This project presents SQL-LLaMA, a Text-2-SQL model based on LLaMA-2 for instruction-based generation of SQL code from natural language queries. In this repository I release model weights, the dataset and the code used for finetuning the LLaMA-2 7B and 13B language model.
Simplistic Usage with llama.cpp Python-Bindings
Converting the SQL-LLaMA pytorch_model-*.bin files to the GGML format works in ~10min using convert.py
(provided by llama.cpp) and the following command
python .\convert.py "models_hf/output_pyAlpaca13B/pytorch_model-00001-of-00003.bin"
Inference using the llama.cpp Python-Bindings is then as simple as:
from llama_cpp import Llama
llm = Llama(model_path="./models_hf/output_sqlAlpaca13B_small/ggml-model-f32.bin")
# prompt = "Below is an instruction that describes a task, paired with an input that provides further context. Write a response that appropriately completes the request.\n\n### Instruction:\nIf the population is 2188, what was the median household income?\n\n### Input:\nCREATE TABLE table_1840495_2 (median_house__hold_income VARCHAR, population VARCHAR)\n\n### Response:"
output = llm(prompt, max_tokens=1024, stop=["Output"], echo=True)
print(output)
Note: If you are using windows, please use the provided wheel to install llama.cpp Python-Bindings with pip.
Prompt:
"Below is an instruction that describes a task, paired with an input that provides further context. Write a response that appropriately completes the request.
### Instruction:\nFor model volvo, how many cylinders does the car with the least accelerate have?
### Input:\nCREATE TABLE CARS_DATA (cylinders VARCHAR, Id VARCHAR, accelerate VARCHAR); CREATE TABLE CAR_NAMES (MakeId VARCHAR, Model VARCHAR)
### Response:"
Output:
SELECT T2.cylinders
FROM CAR_NAMES AS T1 JOIN CARS_DATA AS T2 ON T1.MakeId = T2.MakeId
WHERE T1.Model = "volvo"
ORDER BY T2.accelerate LIMIT 1
Prompt:
"Below is an instruction that describes a task, paired with an input that provides further context. Write a response that appropriately completes the request.
### Instruction:\nWhat is the average number of employees of the departments whose rank is between 9 and 15?
### Input:\nCREATE TABLE department (num_employees INTEGER, ranking INTEGER)
### Response:"
Output:
SELECT AVG(num_employees) FROM department WHERE ranking BETWEEN 9 AND 15
Prompt:
"Below is an instruction that describes a task, paired with an input that provides further context.
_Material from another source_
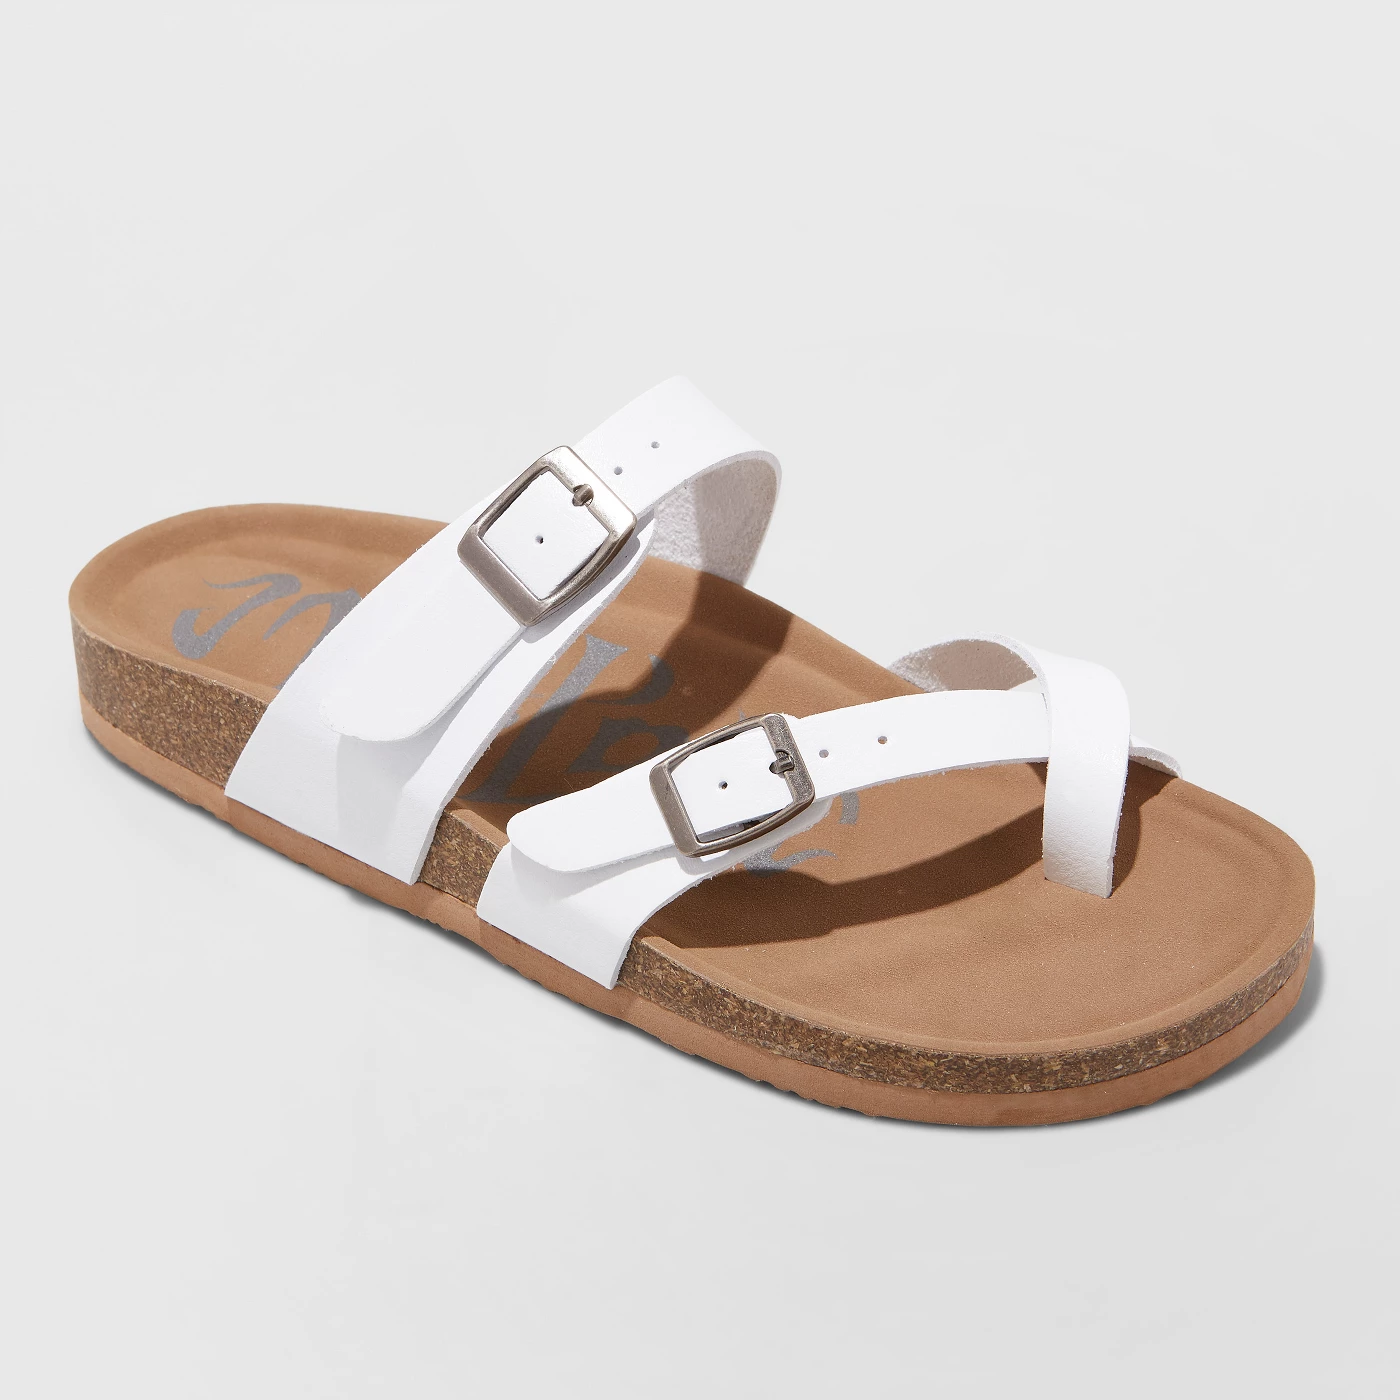 Women's Mad Love Prudence Footbed Sandal - image 1 of 3

Write a response that appropriately completes the request.
### Instruction:\nShow the stadium name and capacity with most number of concerts in year 2014 or after.
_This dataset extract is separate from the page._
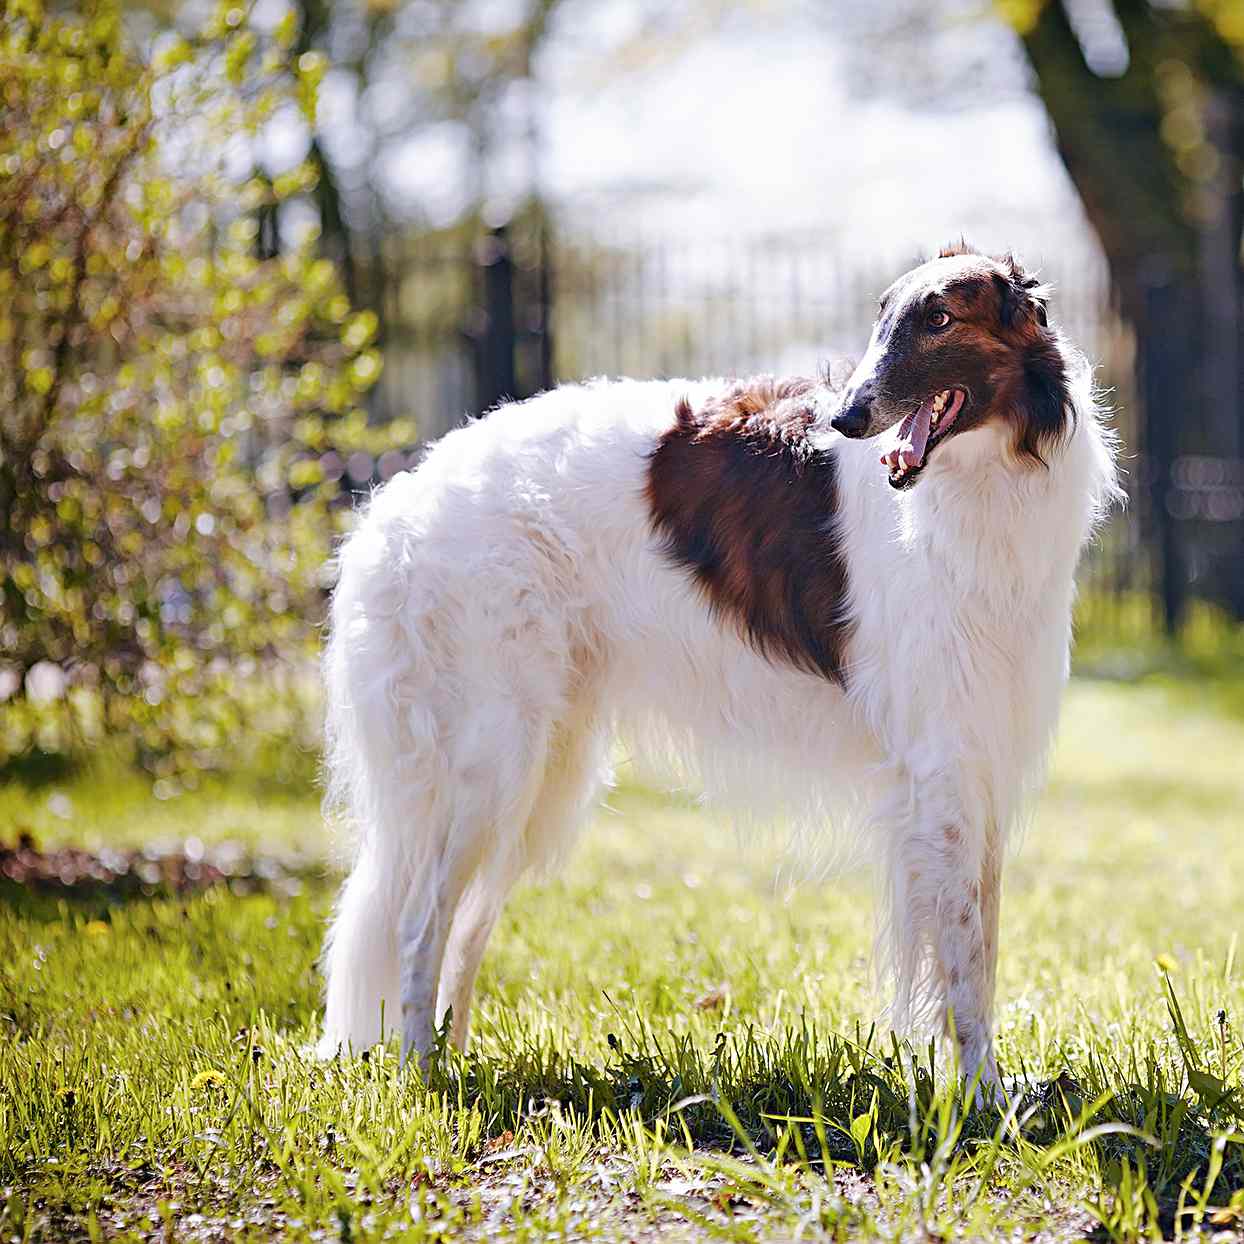 Borzoi standing outside in grass with a metal fence in the background

### Input:\nCREATE TABLE stadium (name VARCHAR, capacity VARCHAR, stadium_id VARCHAR); CREATE TABLE concert (stadium_id VARCHAR, year VARCHAR)
### Response:"
Output:
SELECT T2.name, T2.capacity FROM concert AS T1 JOIN stadium AS T2 ON T1.stadium_id = T2.stadium_id WHERE T1.year >= 2014 GROUP BY T1.stadium_id ORDER BY COUNT(*) DESC LIMIT 1
https://huggingface.co/DominikLindorfer
Available Models | Uploaded |
---|---|
SQL-LLaMa-7B-small | ❌ |
SQL-LLaMa-13B-small | ❌ |
SQL-LLaMa-7B | ❌ |
SQL-LLaMa-13B | ❌ |
SQL-LLaMa-13B-5EP | ❌ |
SQL-LLaMa-13B-10EP | ❌ |
datasets/sql_create_dataset_cleaned.json
contains ~10K instruction-following data used for fine-tuning the SQL-LLaMA 7B & 13B models, following the Alpaca instruction tuning method in Ref. [5]. For fine-tuning the SQL-LLaMA-small models, using the ideas proposed in LIMA (Ref. [6]), the data in datasets/sql_create_dataset_small.json
contain a subset of ~1.4K instruction-following data. Both datasets are based & finely curated as a subset of Ref. [7] and [8] using the checks provided by SQLGlot in Ref. [8].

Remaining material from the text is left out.